Naturally, as a citizen, you will want these committees to do an effective job in keeping the Government accountable and ensuring proposed laws are properly drafted.

However, Standing Committees can offer you more than just the hope of good governance in general terms.

You are actually encouraged to engage directly and actively with these committees.

Not only do the Standing Orders require meetings of these committees to be open to the public and the media, the committees should “encourage public access to committee meetings”.

To achieve the aim of inputs from the public into their activities, all Standing Committees are obliged to allow sufficient time and public notice for the interested persons and groups to make submissions to committee inquiries.

Naturally, there will be occasions where a committee may have to meet “in camera” (behind closed doors) due to the confidential matters before it. However, these will be rare.

Standing Committees need to be powerful if they are to do their job of holding the Government to account.

So, they are invested the powers and privileges of the Parliament which gives them the same powers as the High Court.

This means that a committee can summon any person to give evidence or provide information, which includes be able to demand documents or other materials as it feels it needs to complete its inquiry.

A failure to comply with the demands of a committee could see this referred to the Privileges Committee, which would be a very serious matter indeed.

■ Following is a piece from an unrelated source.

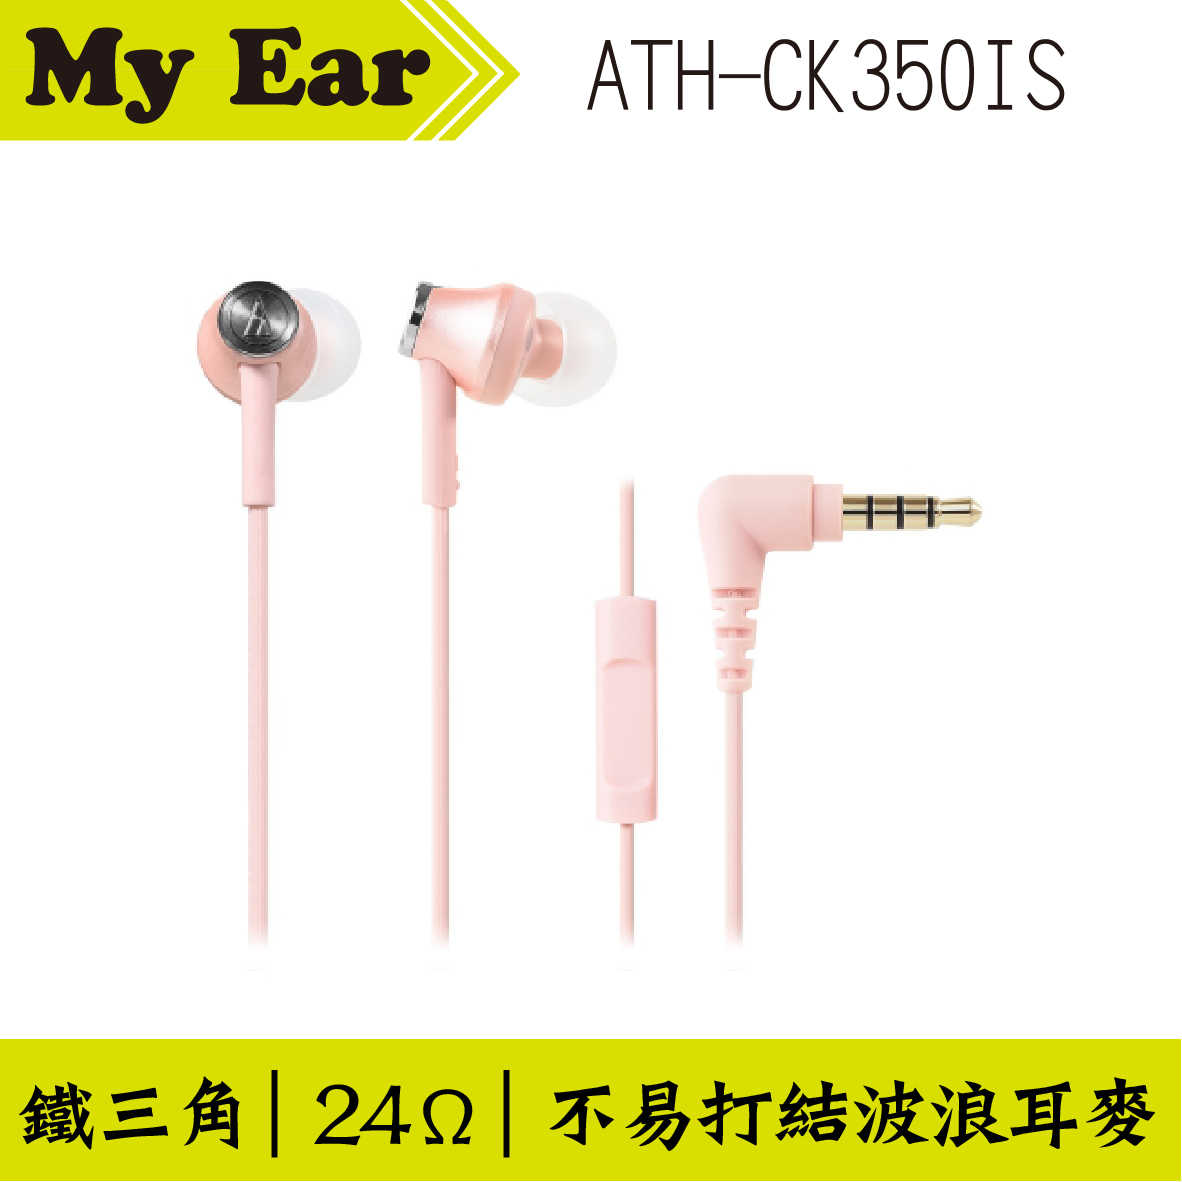 鐵三角 ATH-CK350IS 耳機麥克風 白色  | My Ear 耳機專門店

Since these committees are small version of the entire Parliament, the membership is required to be shared as fairly as possible in a way that reflects the distribution of party representation in the chamber.

The Speaker formally appoints Members to the committees but she does this in consultation with the party whips so in practice parties are able to choose which of their Members serve on which committee.

However, not all Members are eligible to sit in a committee. Standing Orders state that, “A Minister shall not be a member of a standing committee.”

Can you think why this is so? [Hint: go back to Section 70 of the Constitution!]

The purpose of these committees is to hold the Government to account so it would be inappropriate – indeed, a serious conflict of interest – for a Minister to sit on a committee reviewing his or her Department!

There is so much more that could be said about the role and work of Standing Committees and, if you are interested, to go to the Standing Orders and the Parliaments website for more information.

In the meanwhile, keep an eye out in the newspapers for a notice of a committee inquiry that might interest you and your friends and try your hand at writing a submission.

It is what the Constitution and the Parliament want you to do!